• **The problem**
Leaving the images aside, transcribe all the data below exactly.

(Supplied material)

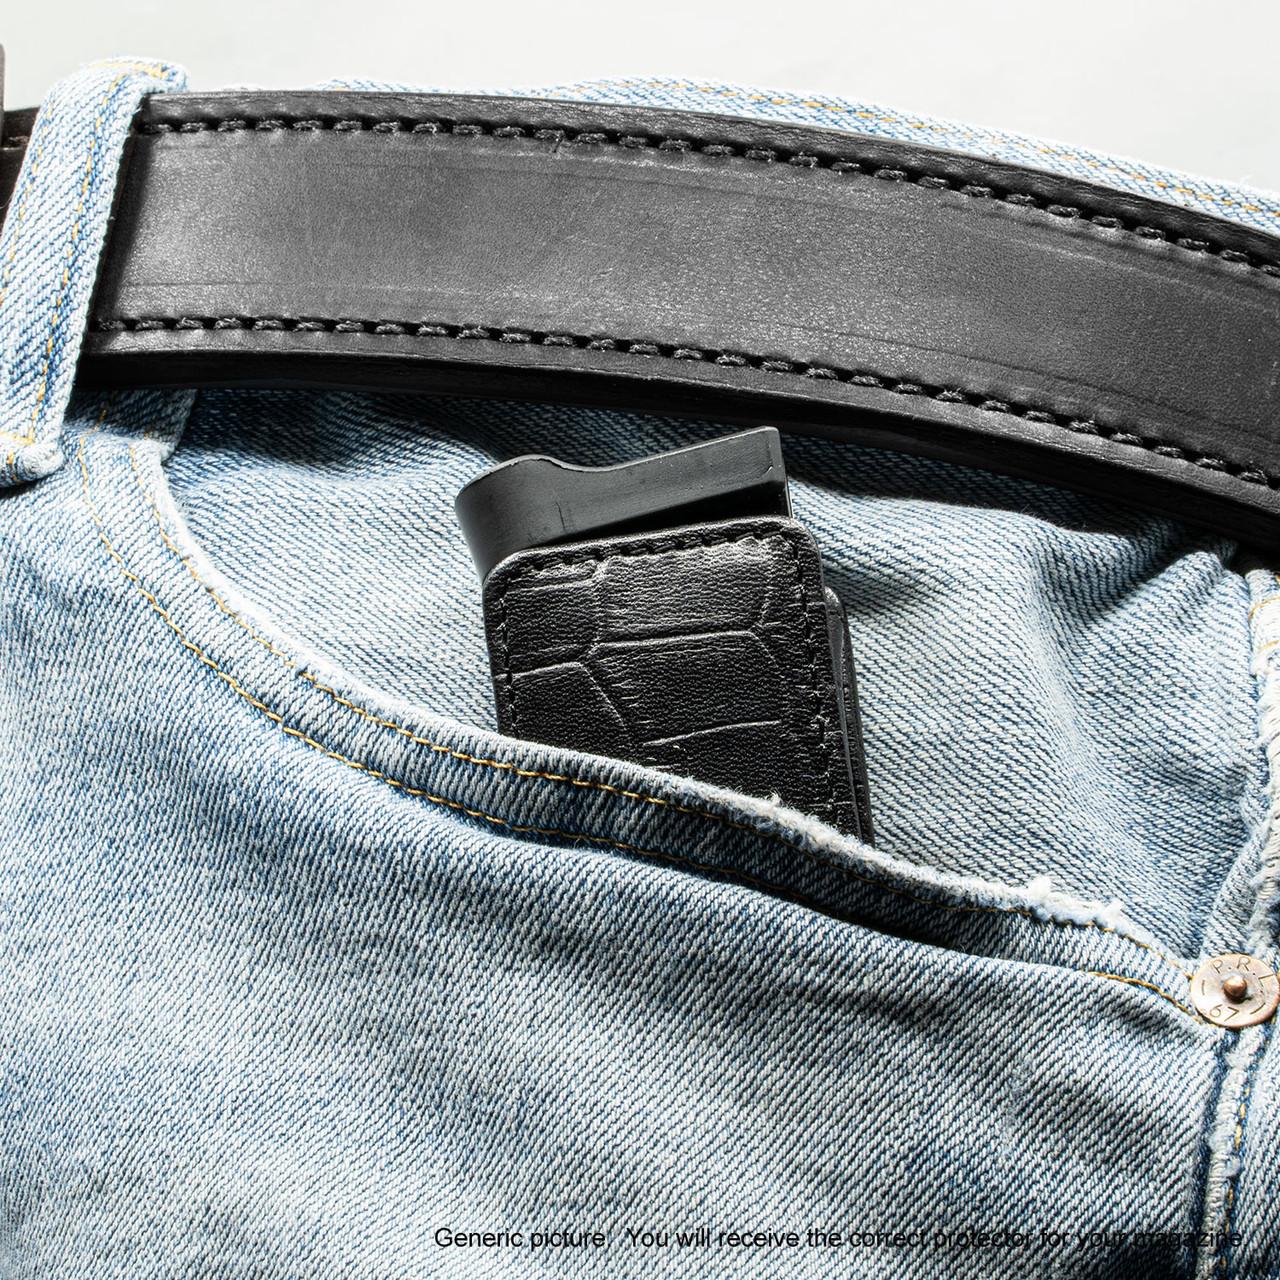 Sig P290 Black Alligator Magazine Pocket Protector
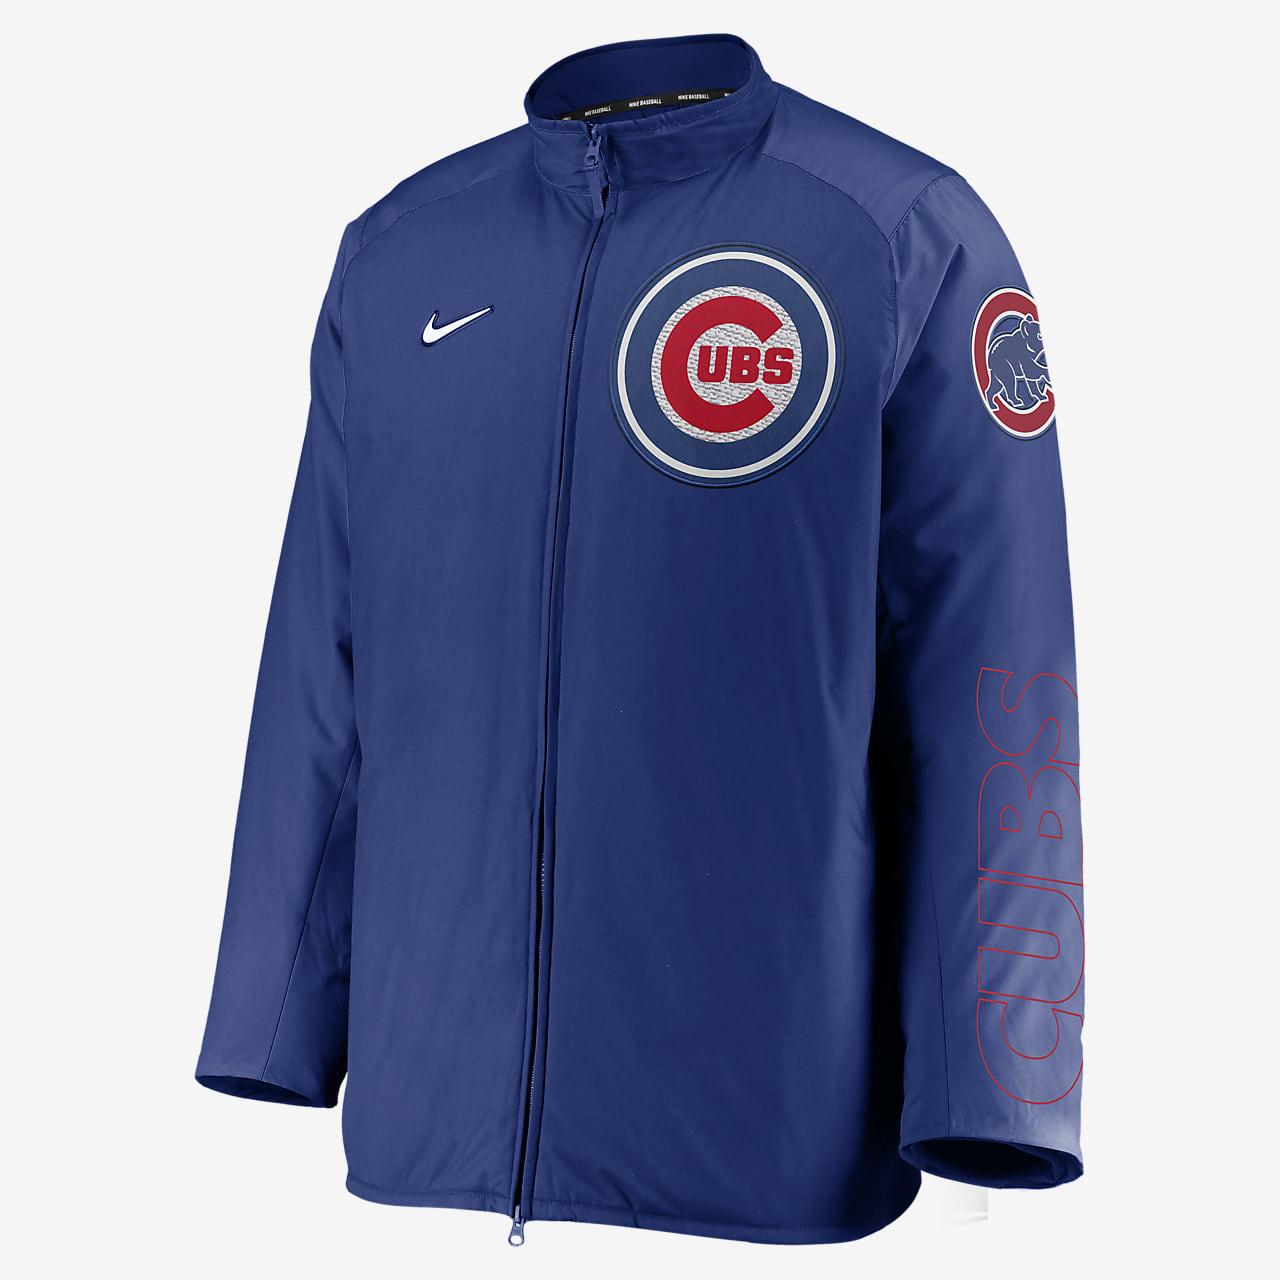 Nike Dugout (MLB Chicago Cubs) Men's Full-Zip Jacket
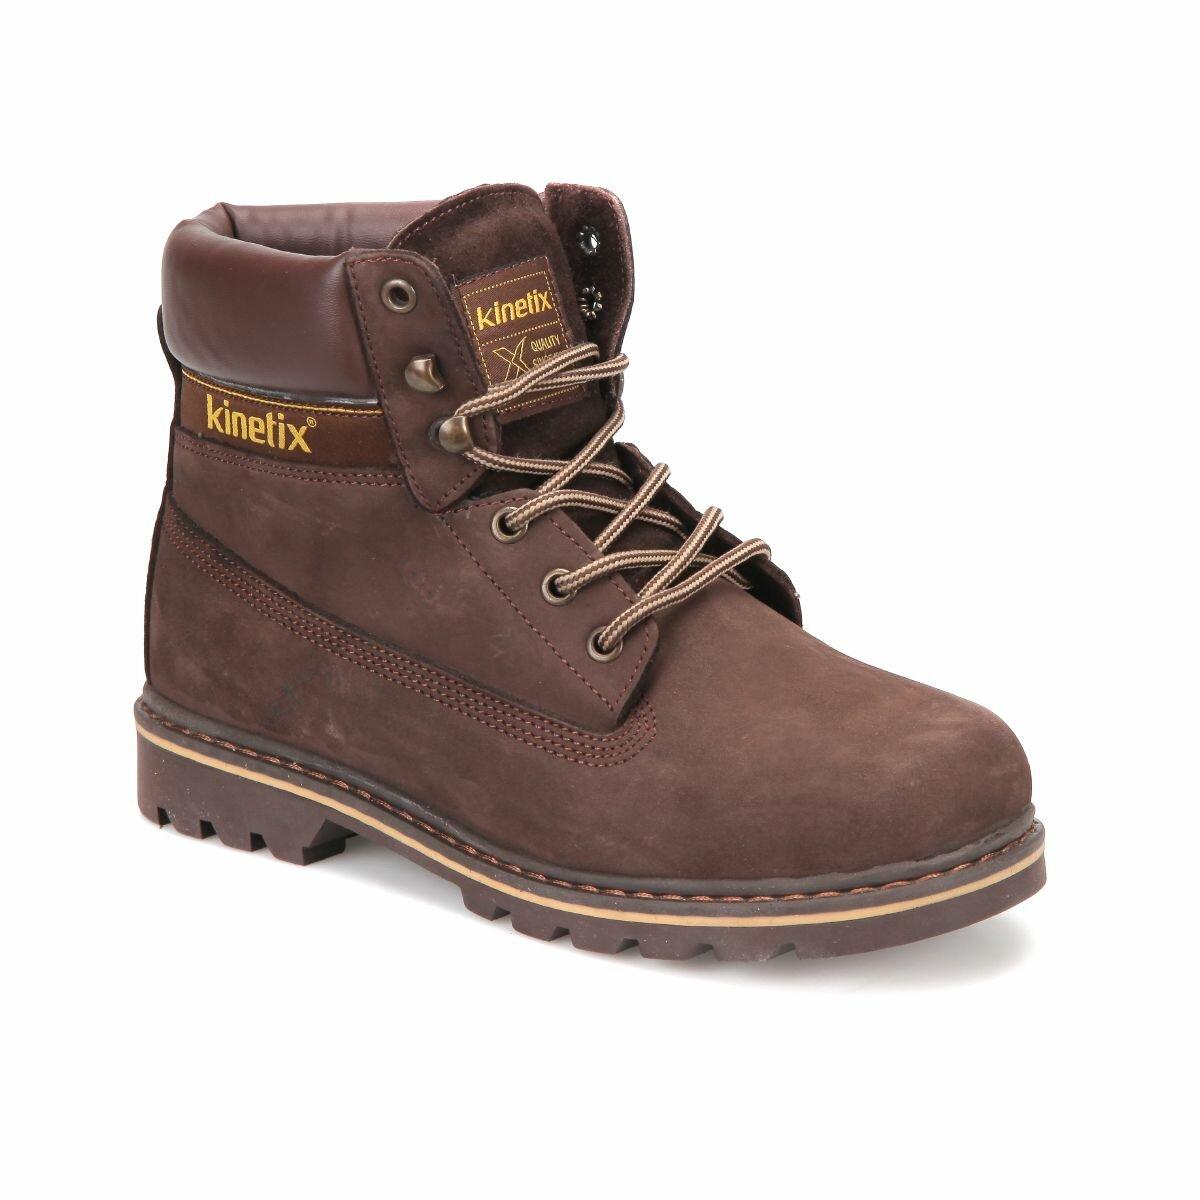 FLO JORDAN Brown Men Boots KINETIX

(End Supplied material)

• **Answer to the problem**
 Sig P290 Black Alligator Magazine Pocket Protector
 Nike Dugout (MLB Chicago Cubs) Men's Full-Zip Jacket
 FLO JORDAN Brown Men Boots KINETIX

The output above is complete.